Novitz suggests that by considering an object art, we grant it a certain kind of privilege. The status of art functions as a legitimizing force that works in two directions. On one hand, traditional and established pieces and art forms reinforce the existing set of cultural values. On the other, subversive pieces and forms that are successful in attaining artistic status can grant legitimacy to ideas and values that have previously been marginalized. People who make or talk about art are generally aware of this tension in one way or another. It is common among artists to have conversations about how a given piece subverts or conforms to standards, and what implications that has on art and culture. Artists themselves are often keenly aware of the cultural work that their art performs and make this an explicit focus of their pieces. 

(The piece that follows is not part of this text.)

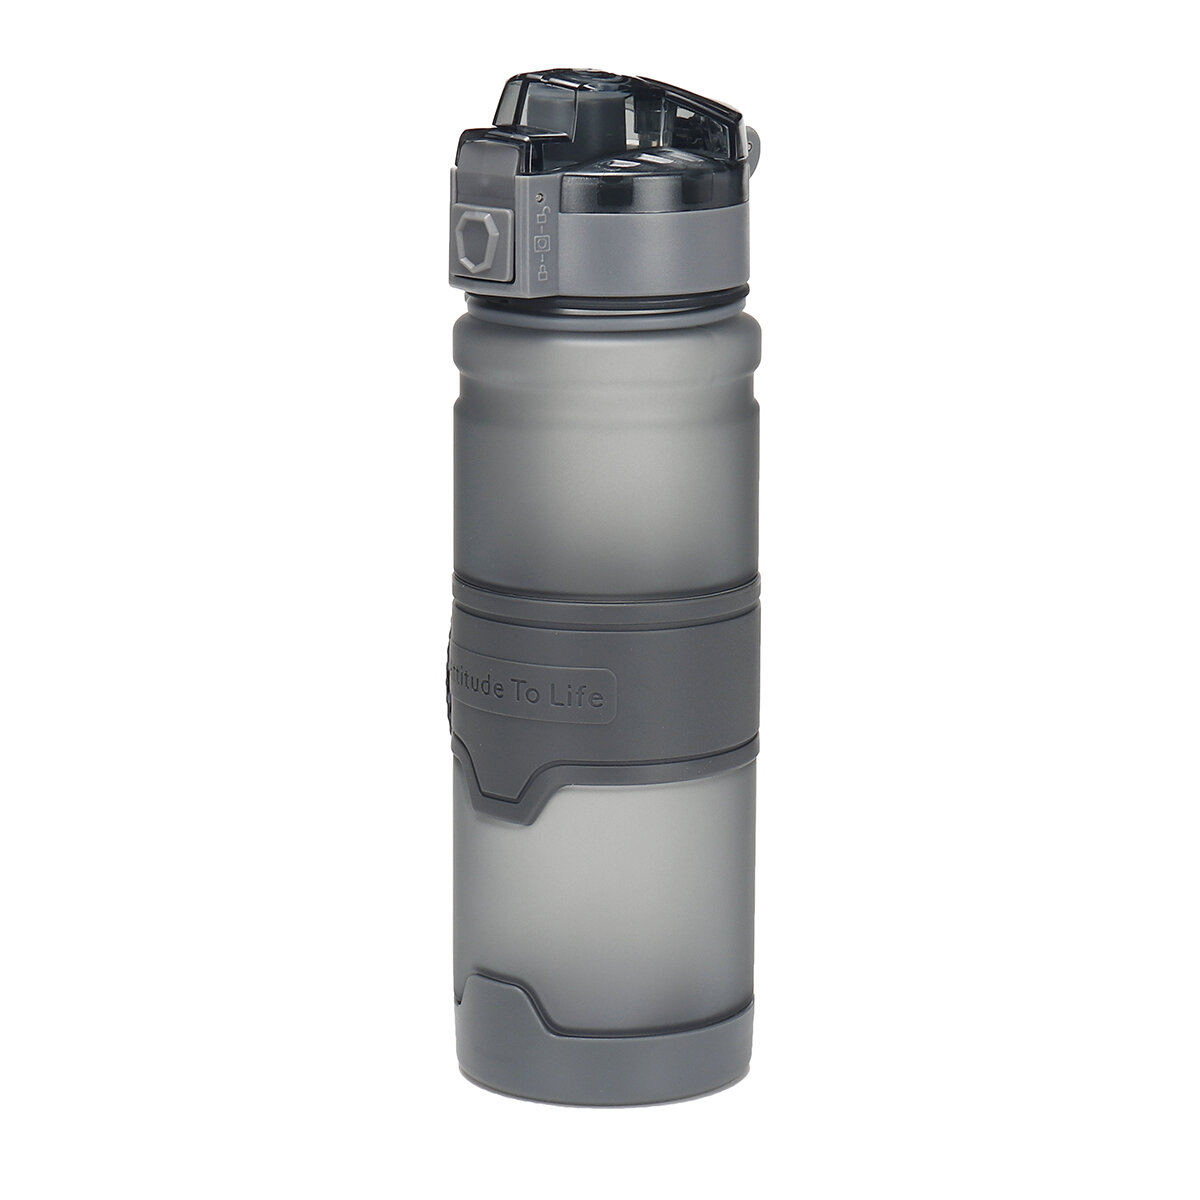 500/1000 ml Waterflessen van BPA-vrij, lekvrij plastic met stuiterende deksel voor buitensporten, kamperen en reizen.

A common refrain from Kaepernick’s critics is that politics don’t belong in sports, that sports are a place where we can relax and tune out from the world. This attitude is clearly harmful to people like Kaepernick who are politically active and don’t have much power compared to the NFL as an institution. It prevents people involved in sports from being critical of either sports institutions or broader society. Narrativized sport has empowered athletes and journalists to be vocal about these issues and many have taken advantage of it. This is where art comes in: If athletes and journalists internalize their roles as performers and storytellers respectively, they can claim a certain agency. In the same way artists’ values are reflected in their art, what if athletes and journalists saw themselves as reflecting the same values in their dedication to their sport as they do when speaking out against injustice? In the same way an artist who sells out, panders or otherwise compromises their values isn’t taken seriously, what if an athlete or journalist who maintains the integrity of their values both on and off the field is commended? An artistic approach to sport humanizes athletes by encouraging them to untether themselves from the interests of those in power. It allows those involved in sport to be active participants in shaping the structures that they are a part of, so that fixing issues like CTE and violence among athletes becomes within the scope of the average athlete or journalist and not left at the mercy of faceless institutions. This reorientation will have to come from the ground up. Athletes and journalists must be willing to break from the views of owners, leagues and news networks and be vocal critics of the world around them. Perhaps if we consider sports art — and athletes and journalists artists — they can grant themselves a sense of legitimacy that hasn’t been afforded to them by the “keep politics out of sports” crowd. At the very least we can recognize that sports’ increasing similarities to art has empowered athletes and journalists. And if an artistic ethos can be beneficial to those in the sports world, maybe the rest of us can see where in our own lives we can be artists, where we can see ourselves as legitimate and empowered actors.